In the meantime, what I used the most for my web development and other projects is GitHub Copilot BUT at the end of this month they're going from including a massive amount of usage with a fixed price subscription (for $40/month I could do almost anything and everything using some really good, expensive models) to per token pricing. Based on my past usage I would be spending $500-1000/mo for what I just used this month using the new GHCP pricing. So I downgraded to the $10/mo plan so I have access to the most advanced frontier models as needed but so far I've been playing with my local AI models and they can do 80% of the work. We shall see how my usage goes.

Anyway, I made (mostly vibe-coded) a custom piece of software that uses Docker and Llama-cpp that gives me a nice web UI that I can use to manage devices and models. I also spent a few bucks on GPUs. Haha. More on that in a bit.

I can chat with it using the web interface but more useful than that it gives me an OpenAI-compatible API that I can integrate with stuff. Right now I mostly just use it in OpenCode or occasionally in the Continue VSCode plugin but I'm also working on integrating it with more things. But the main thing about my custom bit of software is that it supports multiple GPU vendors, mixed GPUs, and pooling (within the same vendor). Yes I could have done it with vLLM which is more powerful and performant, but that's more work to configure and this way it does what I want, the way I want. Plus I'm lazy and a nice web UI I can click stuff in is less work than configuring and managing vLLM.

My biggest challenge right now is properly implementing real time lookups and web searches. I mainly used Grok for this ($30/mo plan) but I've since gone down to the free plan and just spread my free usage across Grok, Gemini, ChatGPT, and Claude. $30 is $30! Once I have implemented web search and real time data access into my app I will use a lot less of the cloud services. Because I prefer to keep my data under my control. I have also been doing just fine without Claude Code, their usage is just too restrictive. Although from my understanding now that they rent a bunch of compute from xAI they loosened this. But I think if I do get another AI subscription it will be Cursor. We'll see.

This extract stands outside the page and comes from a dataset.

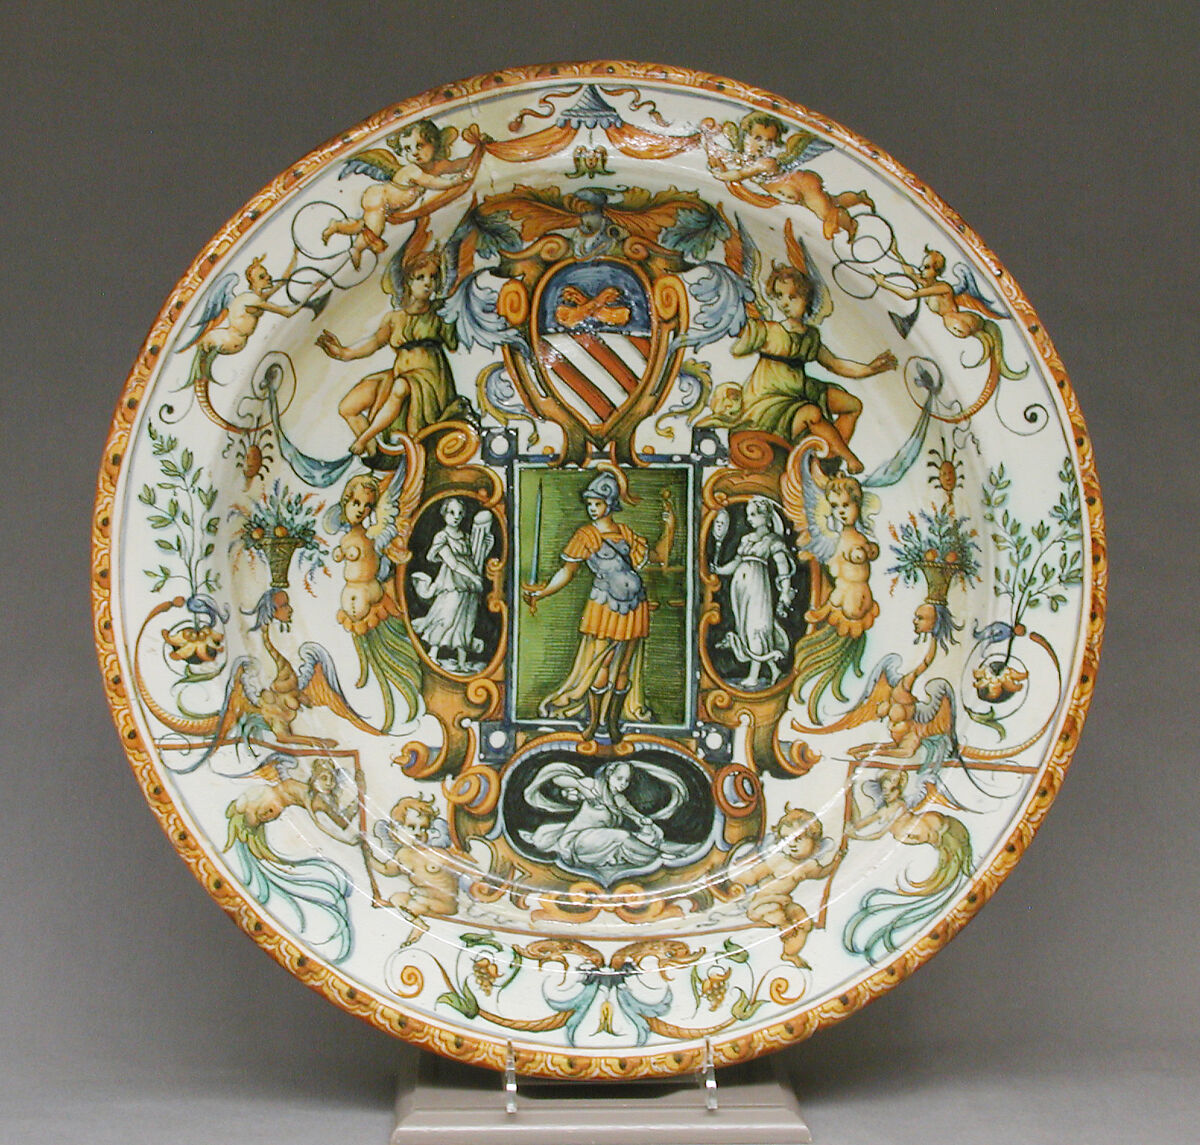 Plate, Workshop of Patanazzi family (Italian, active ca. 1580–1620), Maiolica (tin-glazed earthenware), Italian, Urbino

Software aside, I have two "AI servers" now:

1. 1x AMD AI Pro R9700 32GB GPU, Intel Core i7-14700F CPU, 64GB DDR5, 1TB NVMe SSD. I'm also going to add an Arc A380 6GB card to this just as a cheap low power way to run small models concurrently with the larger models without powering on the other system. Currently I just use the CPU for this but it's more power-efficient to use a small GPU instead of the CPU and our power costs are pretty high here. Ultimately if local AI really does alleviate all my GHCP usage I will probably get a second R9700 but I need to get a better platform/motherboard first because the existing motherboard only runs the second PCI-E slot at x4 which will bottleneck the GPU. This is my primary AI server.

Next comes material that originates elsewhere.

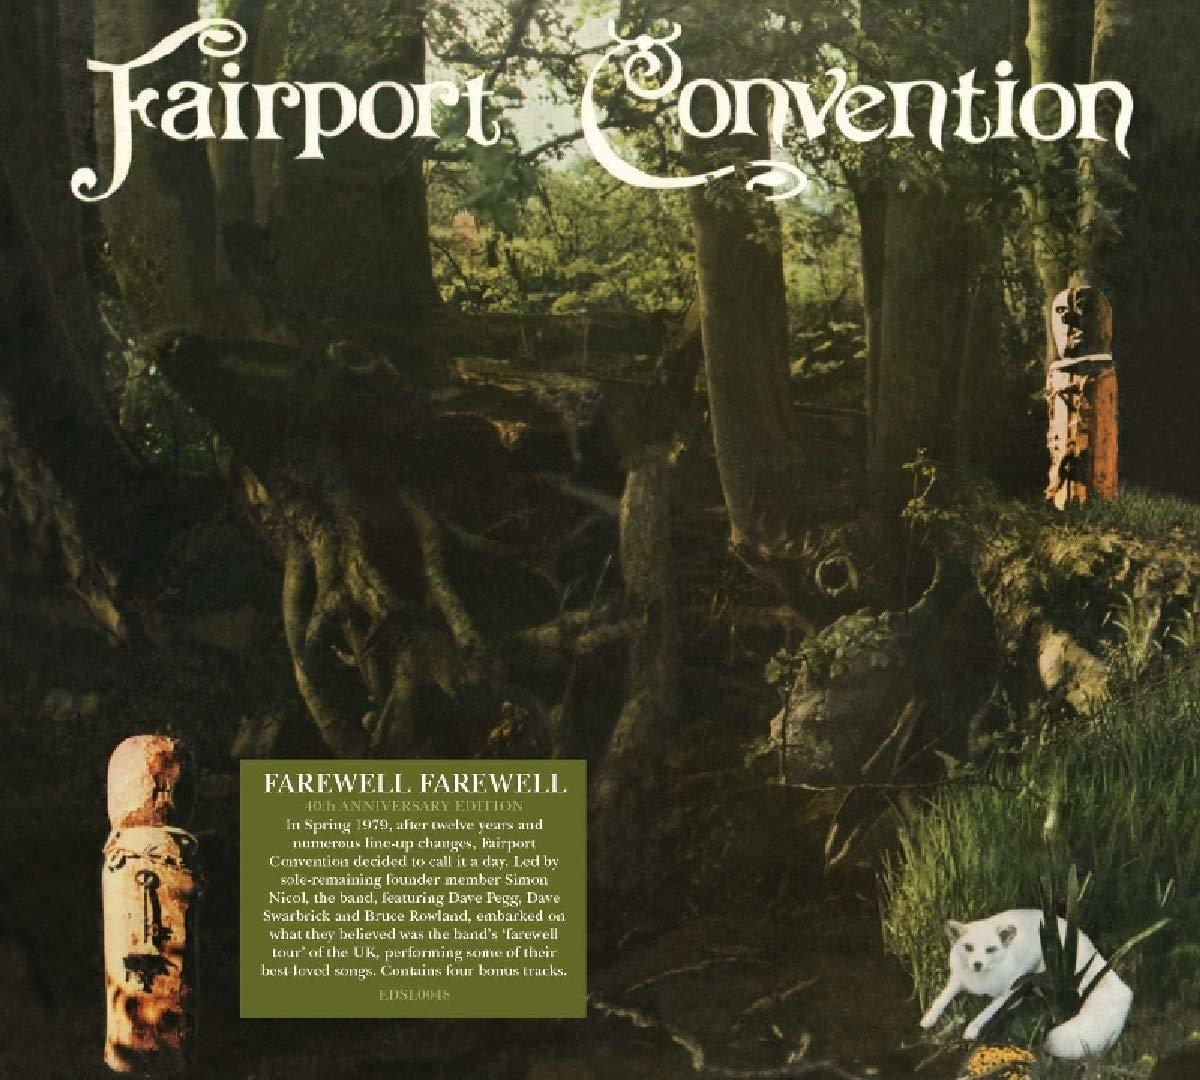 Fairport Convention - Farewell Farewell - (Vinyl)

Originally I had two Arc B60s instead of the single AMD R9700 but they were just too unstable. I tried them in various computers but it was a mess. So I returned them and exchanged them for the AMD card. I'm much happier with it. Although 48GB of VRAM would have been great!

2. 3x NVIDIA RTX3050 8GB GPU, Intel Core i7-9800X, 64GB DDR4, 512GB NVMe SSD. This one was a hodgepodge of cheap leftover parts combined with a few other things I got a good deal, otherwise it's really not efficient and not the ideal route. It's a secondary server I use for testing and various smaller models but sometimes the NVIDIA CUDA stack just works better than the Vulkan stack I'm using on the other server for AMD. Initially I was using ROCm for AMD but that thing is so trash and so broken in so many ways AMD should be ashamed of themselves...

Yes a 64GB or 128GB Mac Mini or Studio would be more efficient but I love being able to tinker with stuff and my custom thing runs on Ubuntu so that wouldn't really do what I want.

For the models, there are so many to list that I'm playing with. Qwen3.6 really is insanely good for a local, not huge model!

Oh, and it's warm in here! I think my bedroom looks more like a datacenter (albeit a very sloppy one with a hodgepodge pile of desktop PCs) than a bedroom.

As the project gets more stable, secure, and reliable, I might post a link to my open source project, but for now, just wanted to share and discuss the hardware and local AI in general. Anyone else doing local AI at home? And if so, on what hardware, with what software, what models, and what workflow?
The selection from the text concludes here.